He was cut off abruptly. The truck gave a jolt.

Someone cried, “Keep going! Adriano! Keep going!”

“Cardella, you're crazy. Adriano, stop! We have to cut them down!”

“No, no, no, keep going!”

“Stop! I know them! All three of them! The partisans from Bologna! The ones my wife gave rice to last week!”

“Adriano, go faster! I'm your father, do as I say! Look at those ropes, look at those trees, they're booby-trapped. German booby traps!”

“What is it? What is it? I can't make it out, I want to see!” cried the voice of a boy.

“Shut up! Keep your head down! Shut your eyes! Adriano, faster!”

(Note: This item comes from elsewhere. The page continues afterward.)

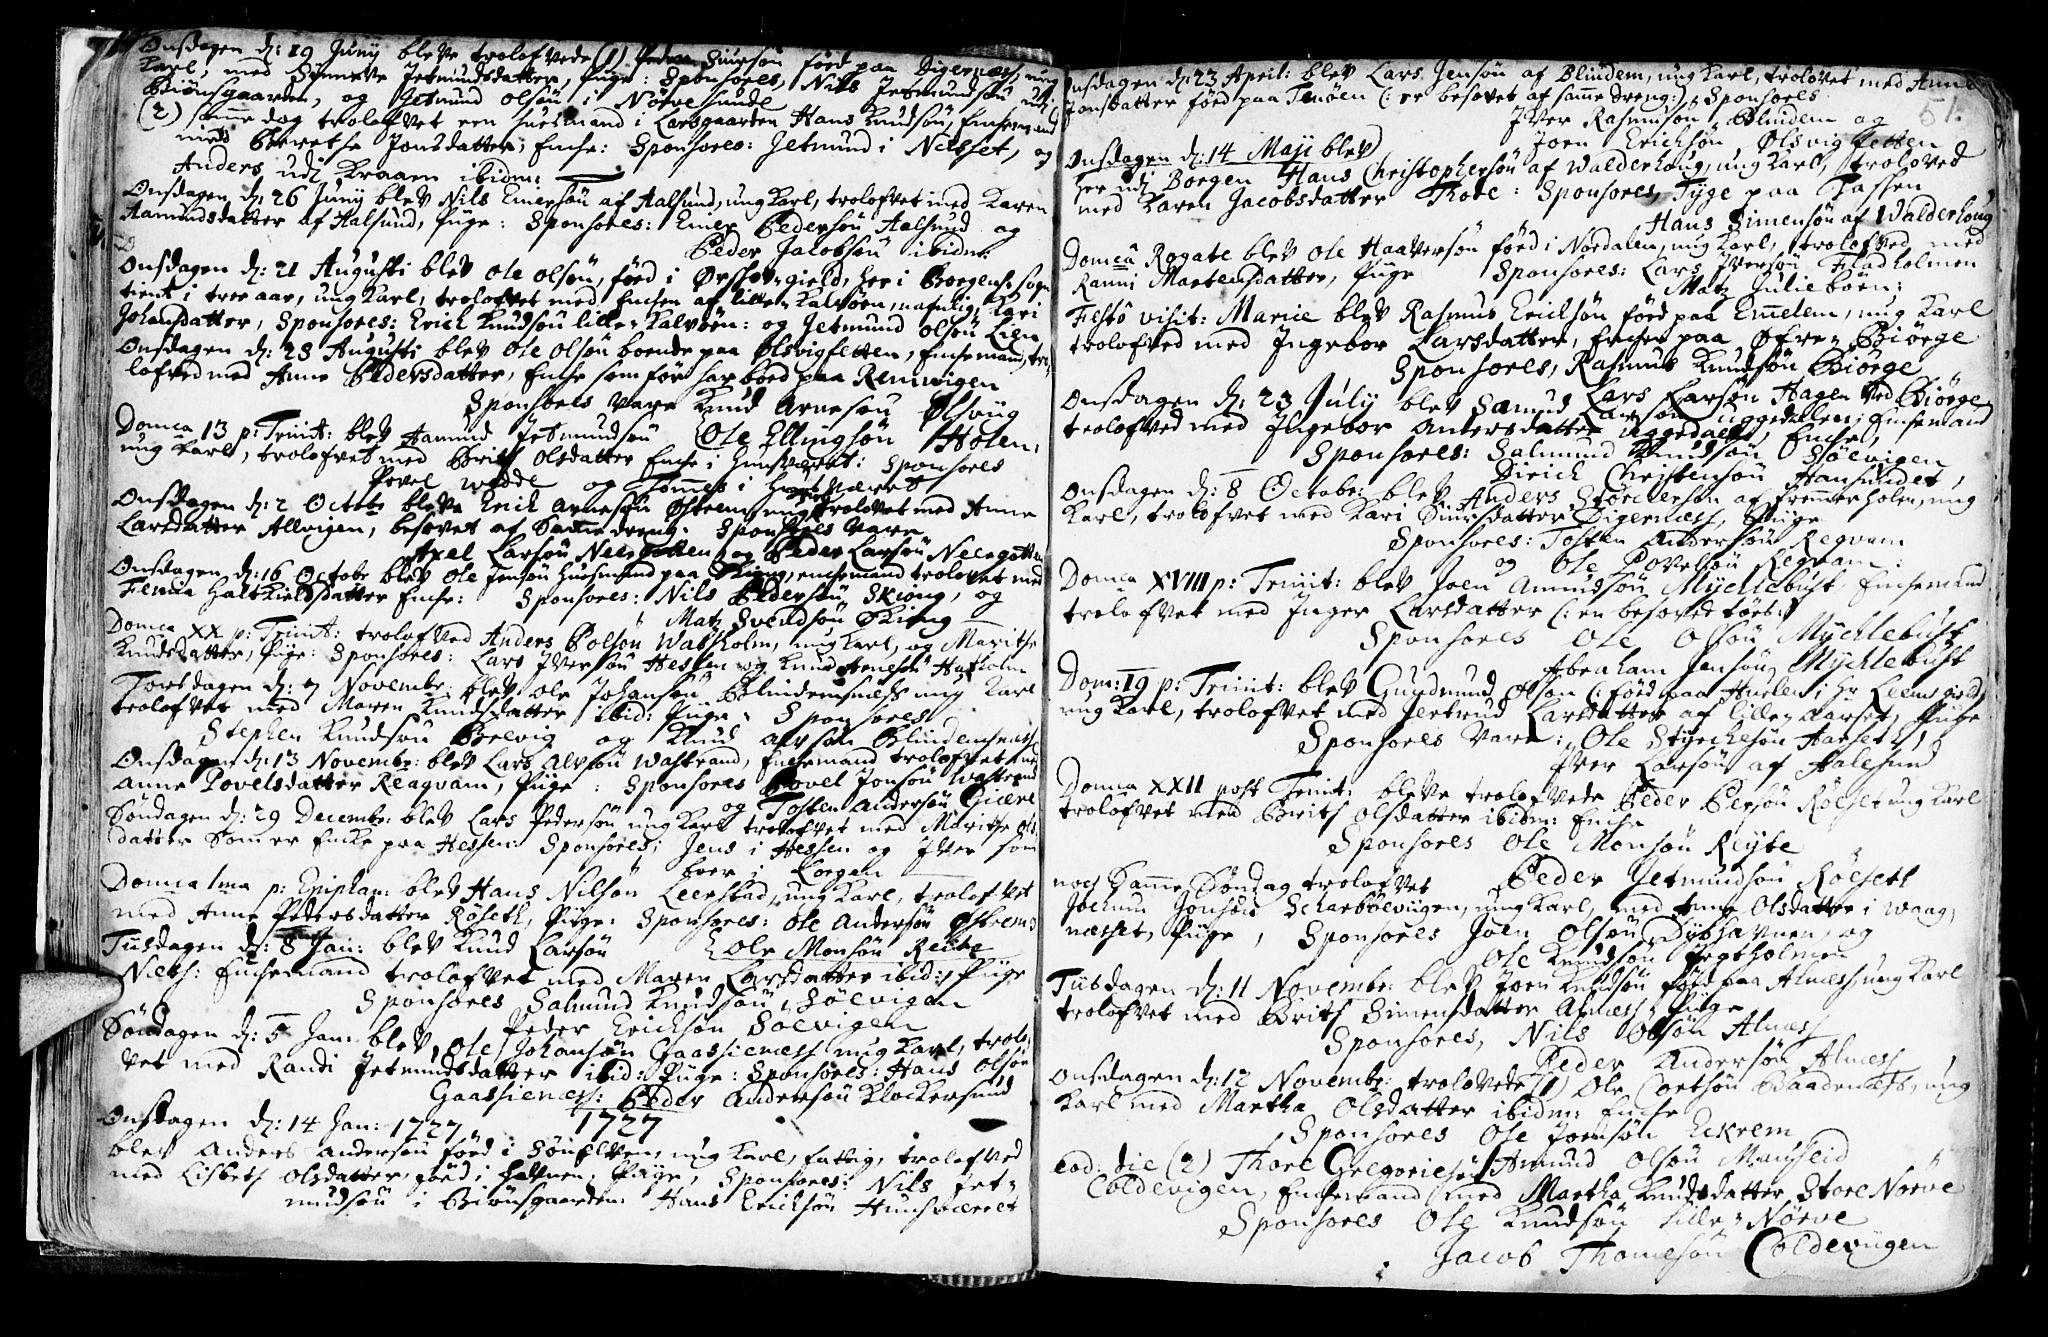 SAT, Ministerialprotokoller, klokkerbøker og fødselsregistre - Møre og Romsdal, 528/L0390: Ministerialbok nr. 528A01, 1698-1739, s. 50-51
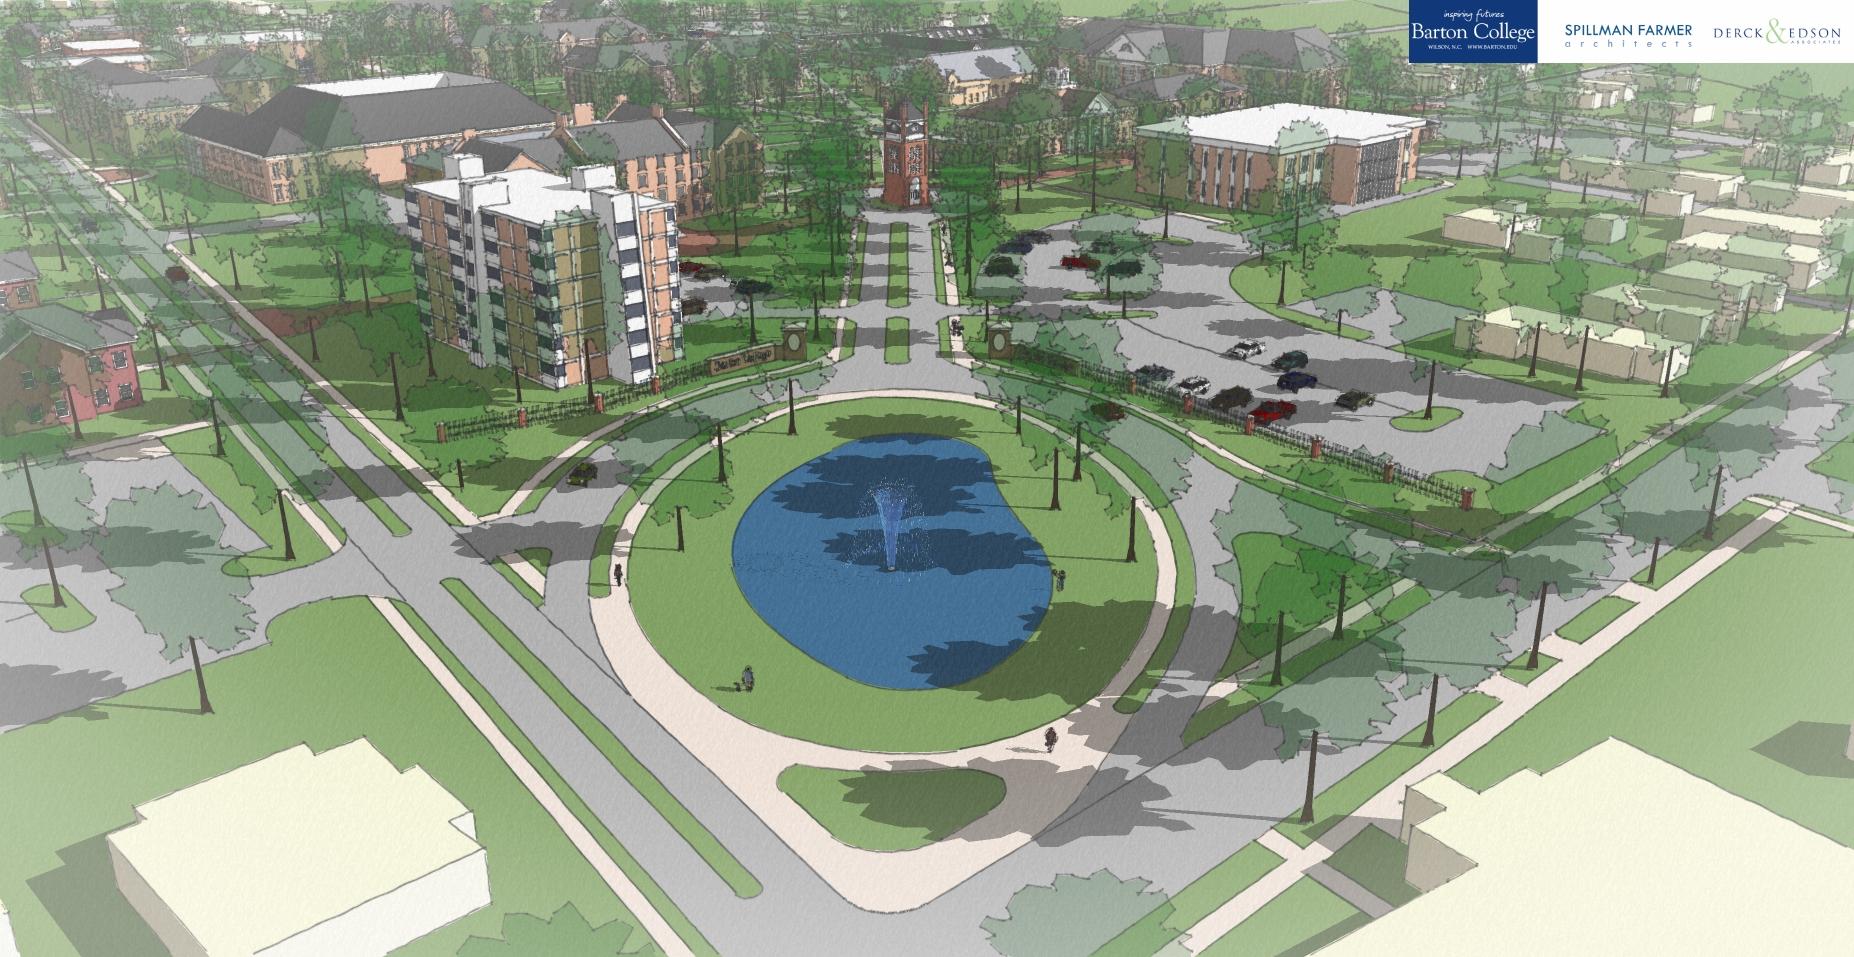 Barton College Master Plan - Scene 1

That rough voice belonged to the man just behind me. Adriano's father. I could feel his breath on my neck. I had tipped back my head, although it hurt to. My eyes were looking up at a pale blue bit of the sky, rectangular like a doorway. The clouds above it, and the wispy layer of fog beneath it, seemed to only be there to make the blue more attractive.

“Blue,” I said to myself.

Far away in the driver's seat, the man called Adriano had not made up his mind. The truck speeded up, slowed down, speeded up, slowed down.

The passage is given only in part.